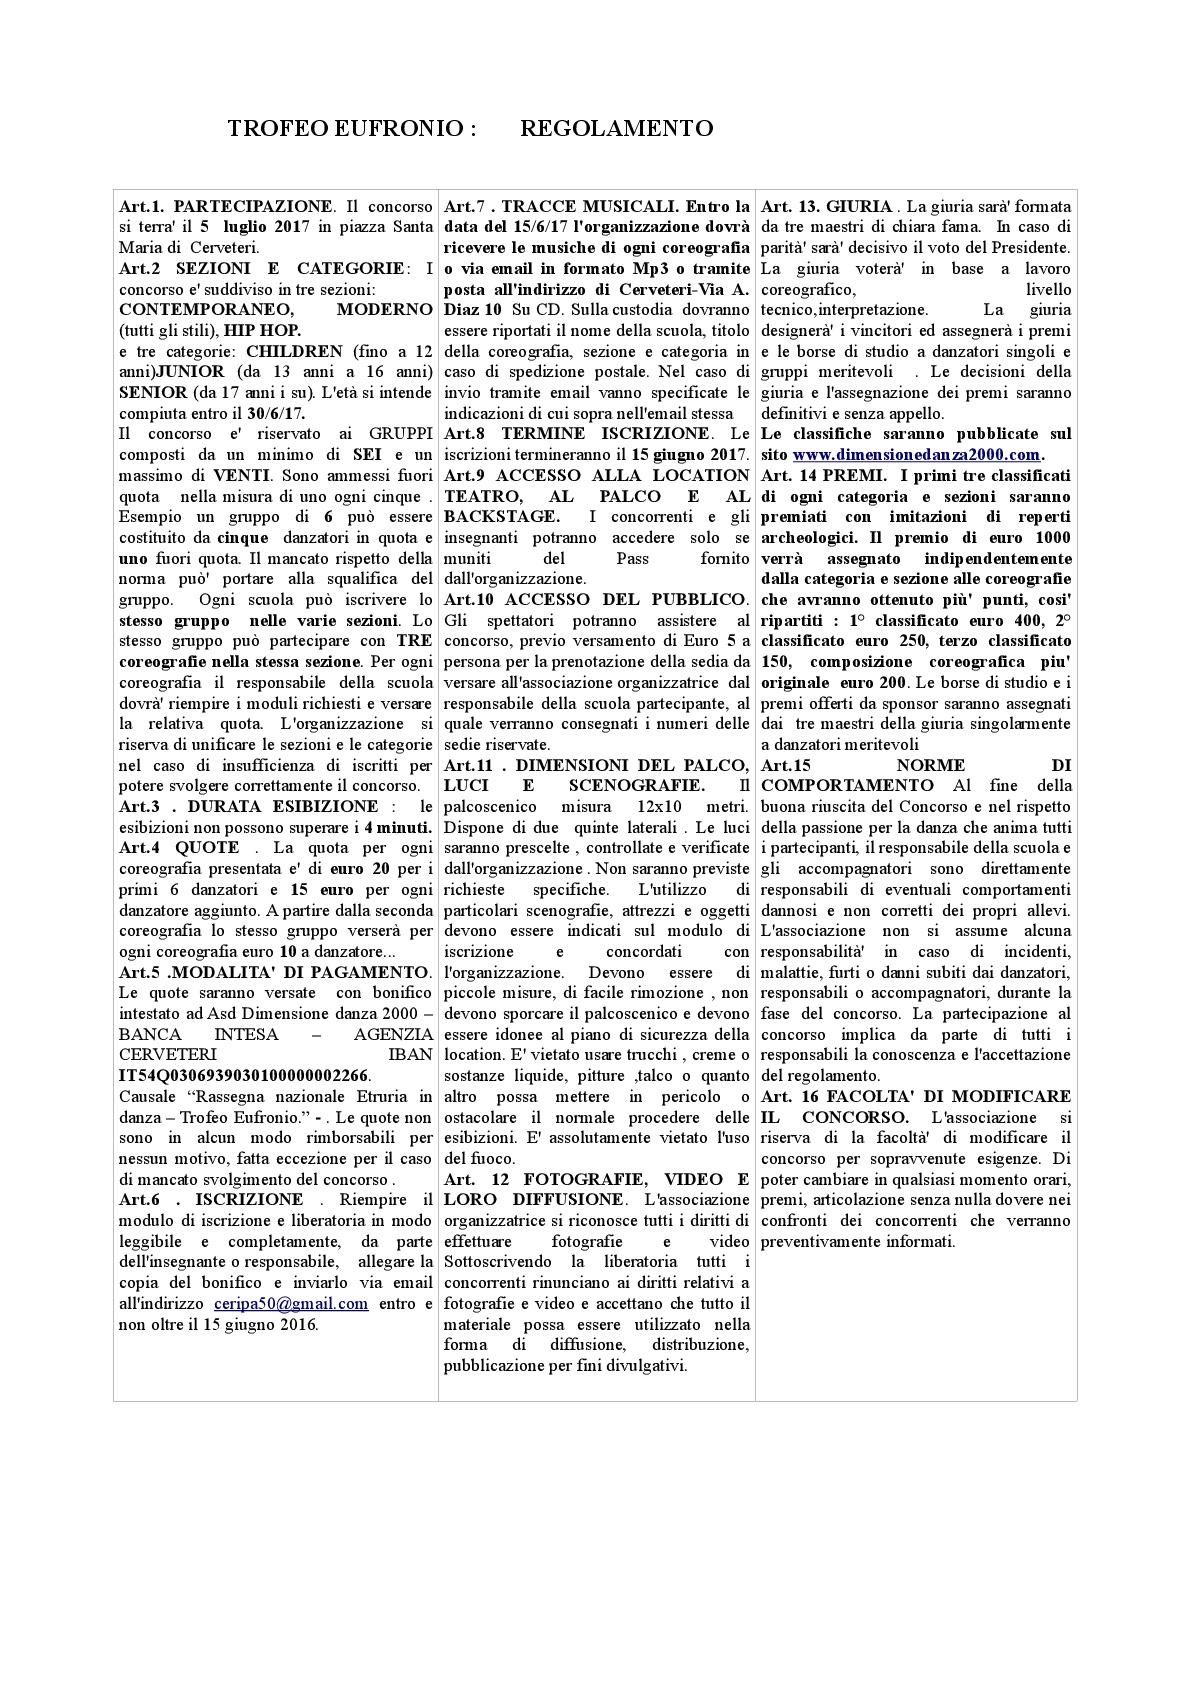 3. regolamento EUFRONIO-001
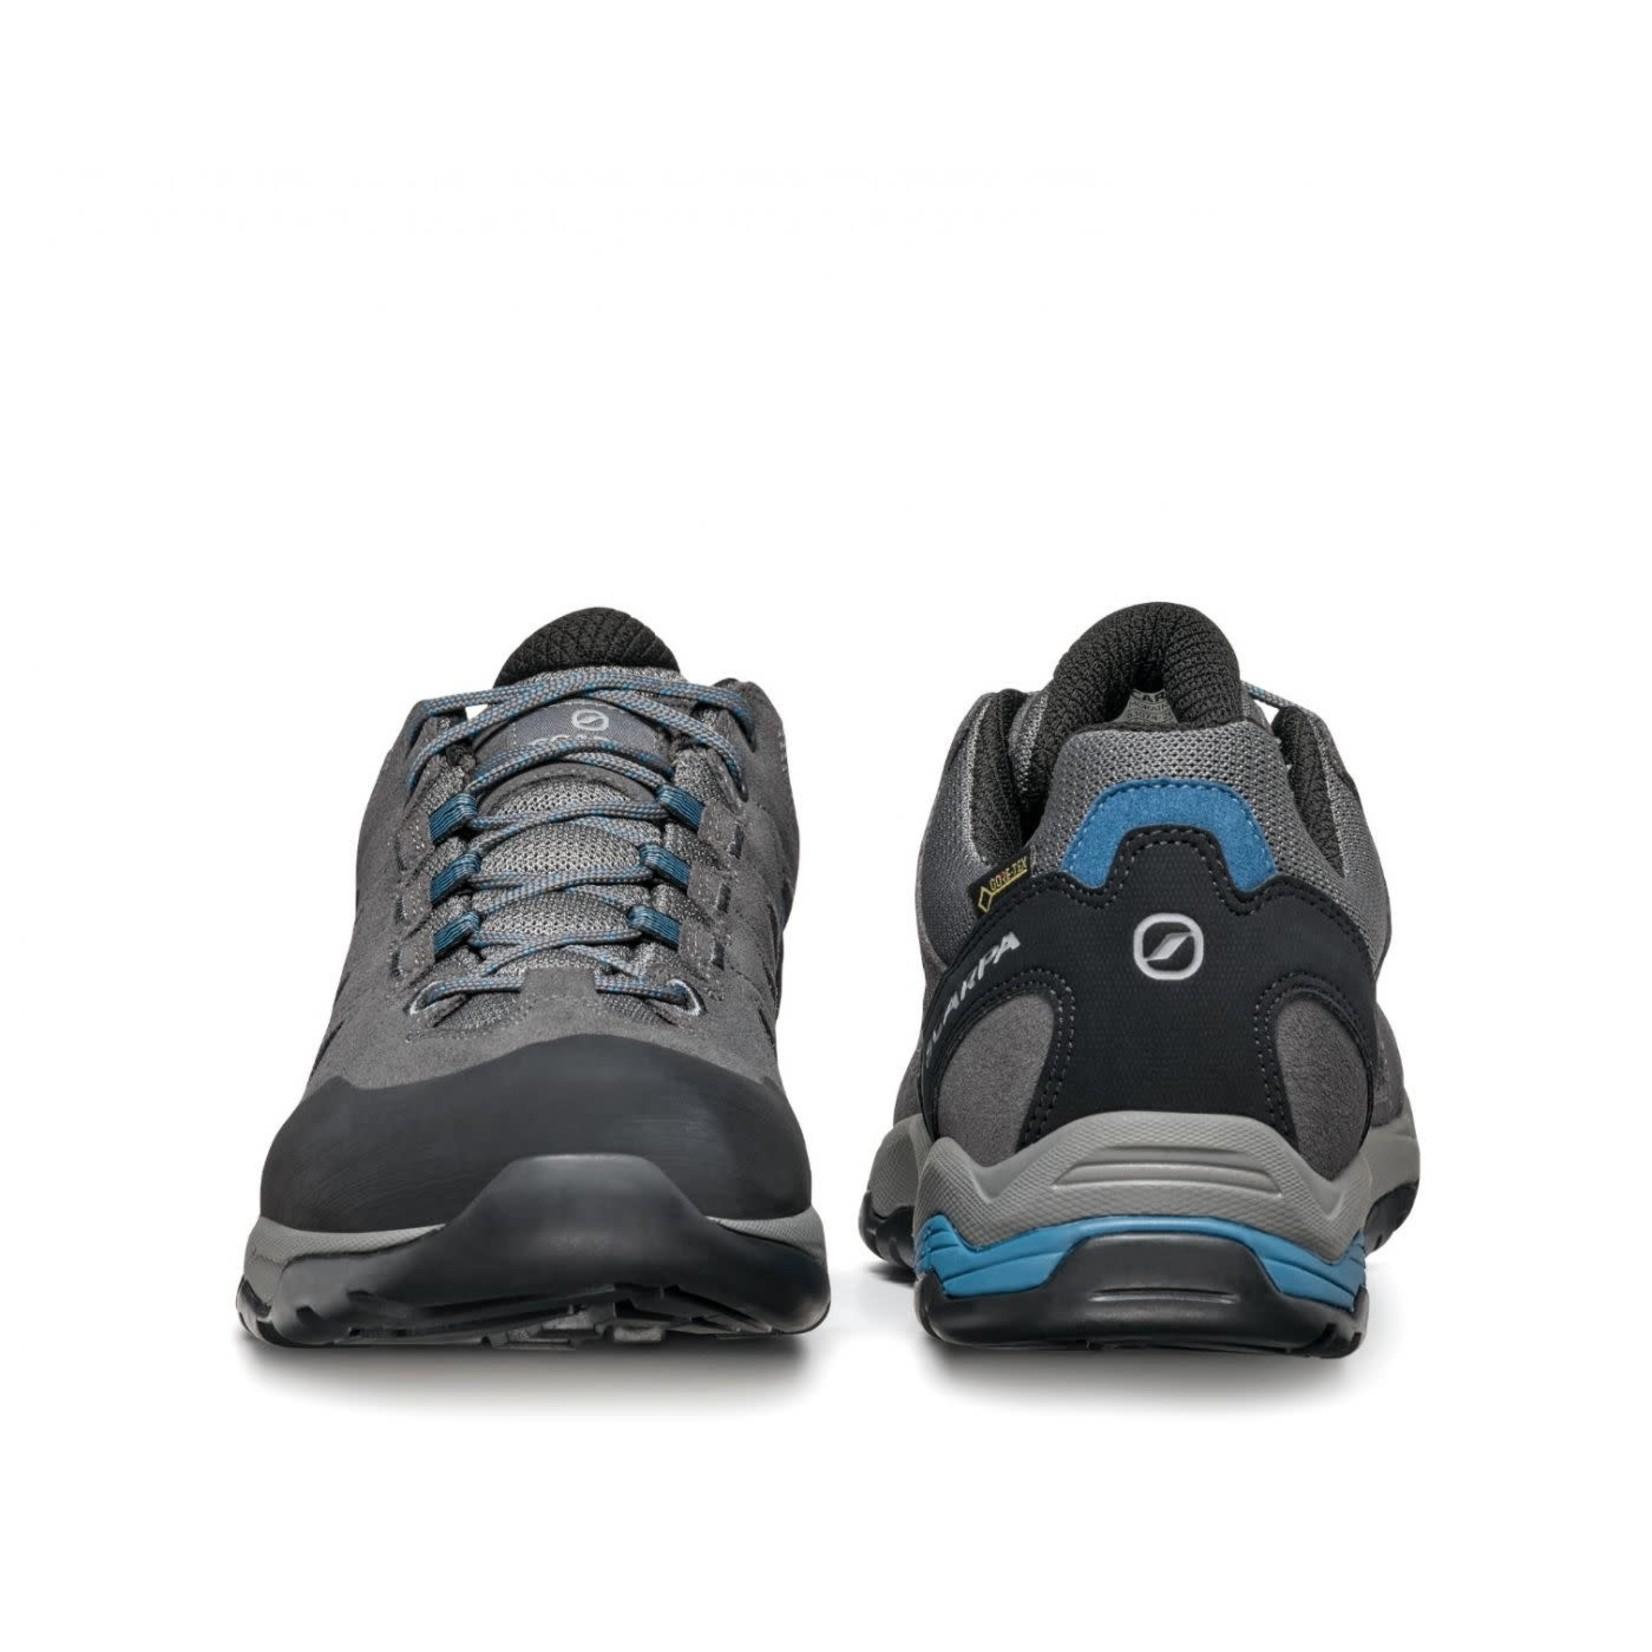 Scarpa Chaussure Scarpa Moraine GTX - Homme
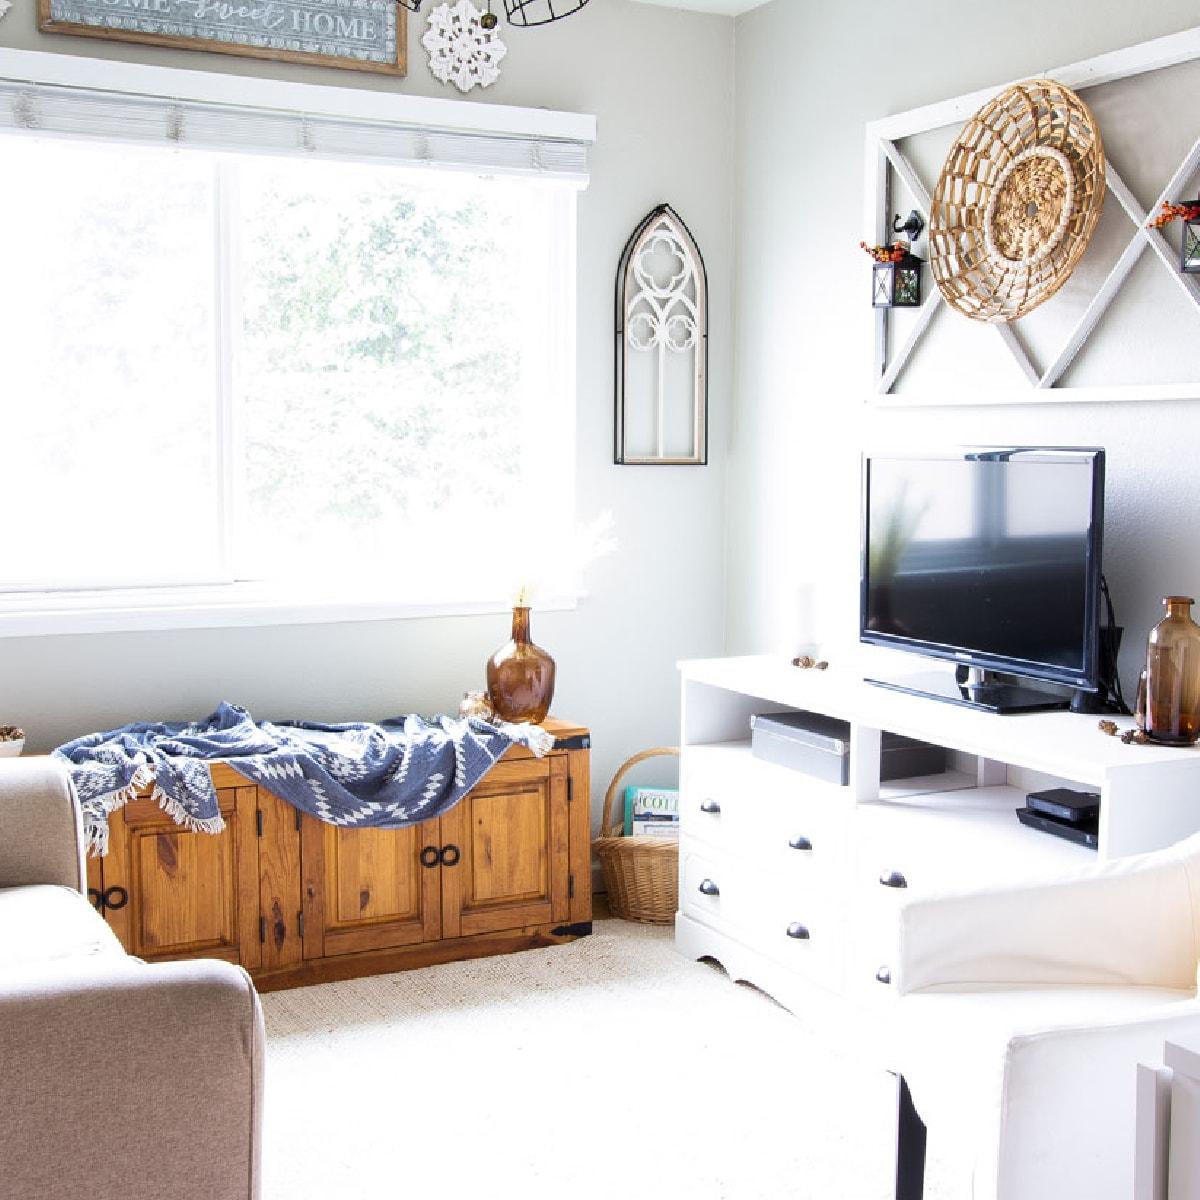 Easy Fall Decor Ideas for a Small Home
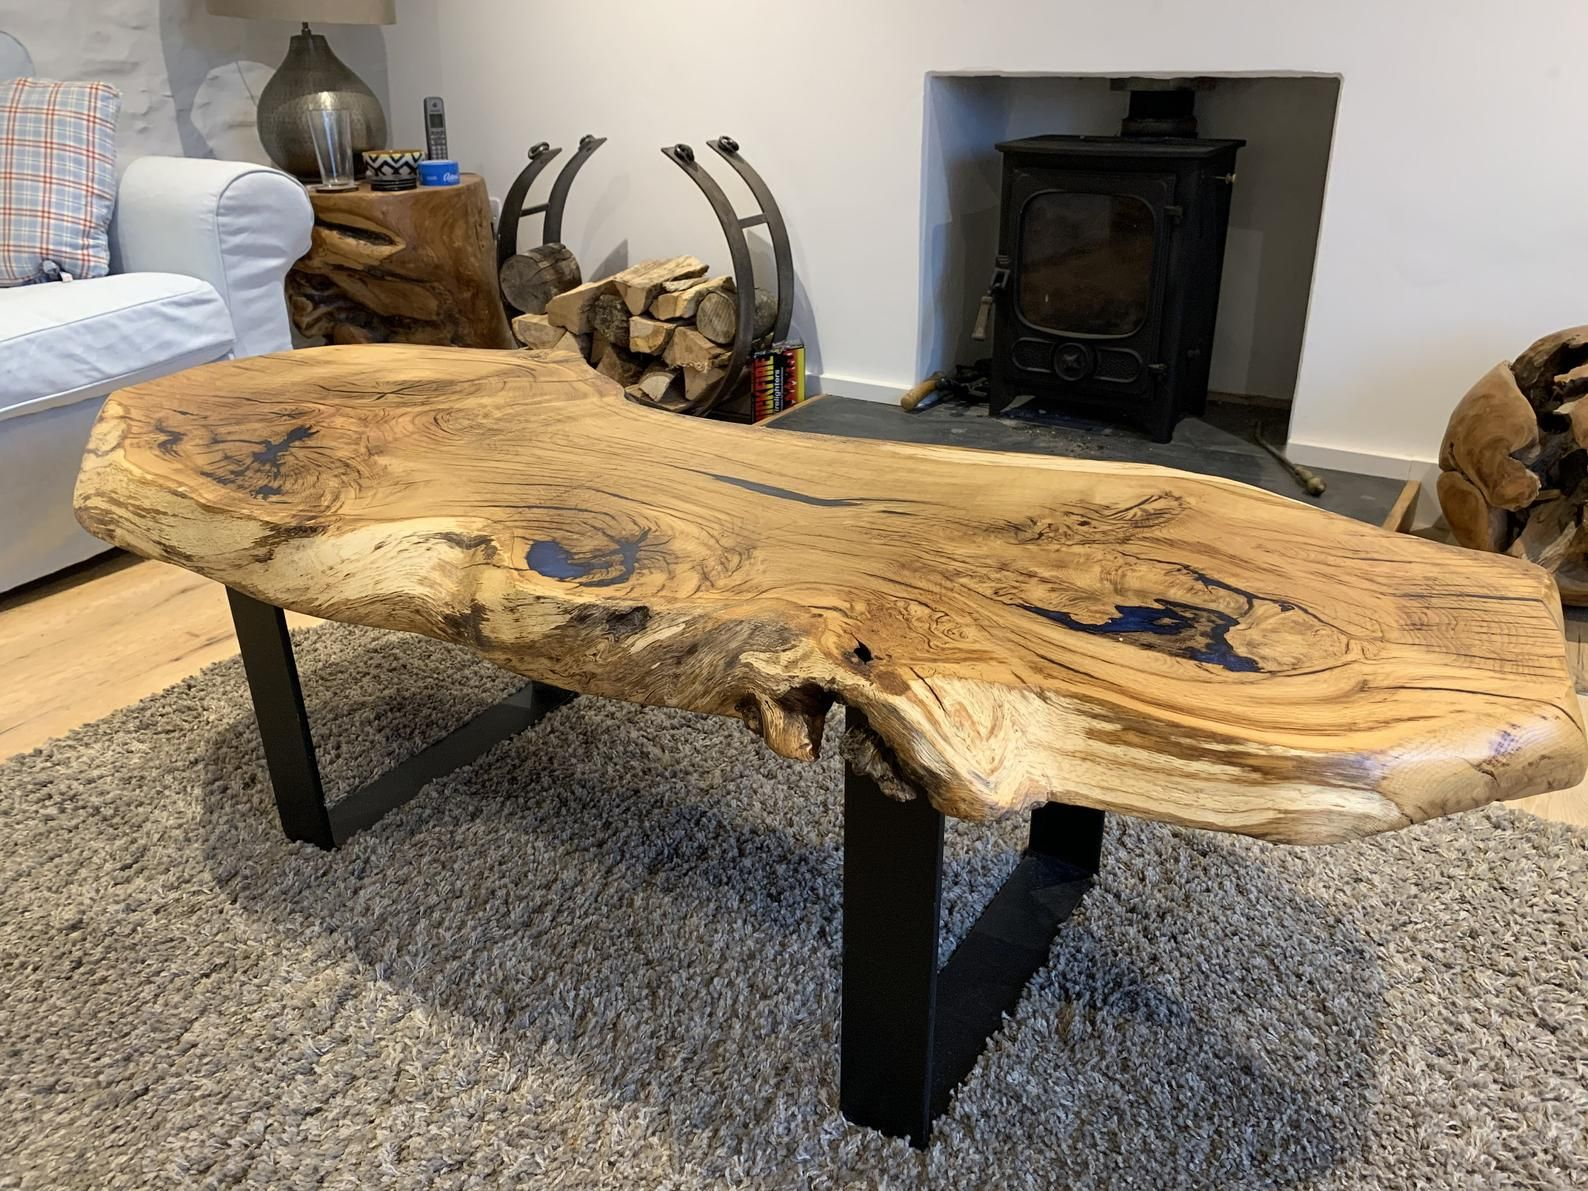 Sold Live Edge Oak Epoxy Resin Coffee Table Raw Wood Coffee Table Wood Coffee Table Living Room Wood Coffe Table [ 1191 x 1588 Pixel ]
━━━━━━
**Exercise goal**:
What is needed is an exact copy of all the data, with no images in it.

**Answer to the exercise**:
 3. regolamento EUFRONIO-001
 Scarpa Chaussure Scarpa Moraine GTX - Homme
 Easy Fall Decor Ideas for a Small Home
 Sold Live Edge Oak Epoxy Resin Coffee Table Raw Wood Coffee Table Wood Coffee Table Living Room Wood Coffe Table [ 1191 x 1588 Pixel ]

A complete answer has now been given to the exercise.